Его резиденцией был Коринф, самый богатый и многолюдный город римской Греции. Вилла Галлиона, построенная во времена Августа и с тех пор расширенная и приукрашенная проконсулами, сменявшими друг друга в управлении провинцией, возвышалась на крайних западных склонах Акрокоринфа[205], чью косматую вершину венчал храм Венеры, стоявший среди рощ, где жили иеродулы[206]. Просторный дом окружали густолиственные сады, орошенные ключевою водой и украшенные статуями, беседками, гимнастическими залами, купальнями, библиотеками и алтарями богов.

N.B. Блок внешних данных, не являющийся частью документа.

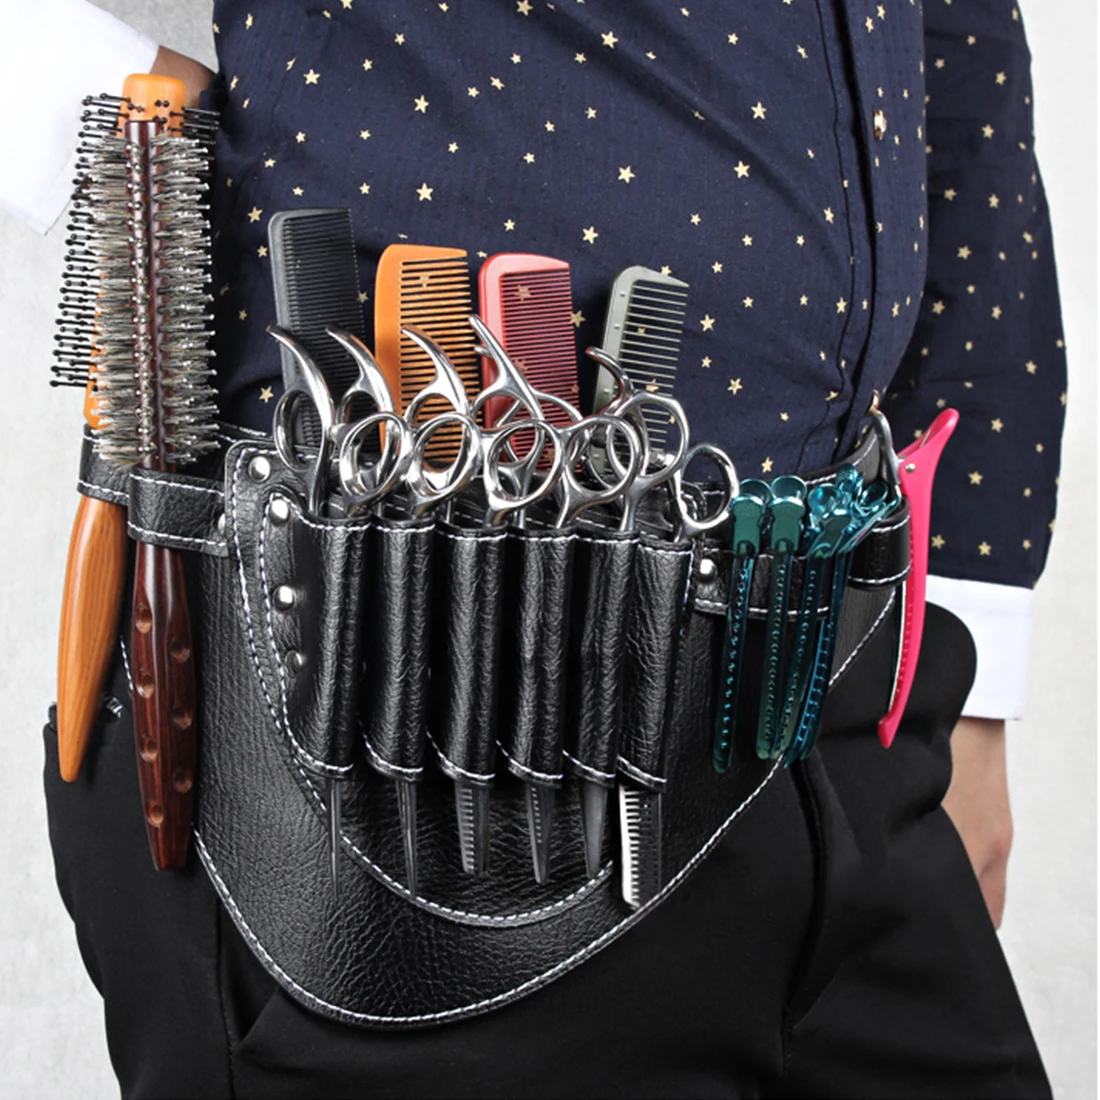 Парикмахерский салонный инструмент ножницы зажимы расчески подставка из искусственной кожи сумка для парикмахерской чехол для кобуры с

Однажды утром он, по обыкновению, прогуливался в саду со своим братом Аннеем Мелой, беседуя о порядке, царящем в природе, и о превратностях судеб. На розовом небосводе всходило, словно омытое, ослепительно-ясное солнце. Мягкие волнообразные очертания холмов Истма скрывали саронийский берег, ристалище, святилище игр, восточную Кенкрейскую гавань. Но меж бурых склонов Гераниенских гор и двуглавым розовым Геликоном виднелось дремлющее голубое море Алкионов. Вдалеке, на севере, сверкали три снежных вершины Парнаса. Галлион и Мела приблизились к самому краю высокой террасы. У их ног, на широком и светлом песчаном плоскогорье, отлого опускавшемся к пенистым берегам залива, простирался Коринф. Плиты Форума, колонны базилики, арена и расположенные вокруг нее амфитеатром места для зрителей, белоснежные ступени пропилеев — все ослепительно сверкало, и позолоченные крыши храмов отражали солнечные лучи. Обширный и новый город прорезали прямые улицы. Широкая дорога вела к Лекейской гавани, окаймленной складами; на водной глади виднелось множество кораблей. На западе земля была осквернена дымом кузниц и грязной водою, ручьями вытекавшей из красилен, а дальше, до самого горизонта, почти сливаясь с небом, тянулись сосновые леса.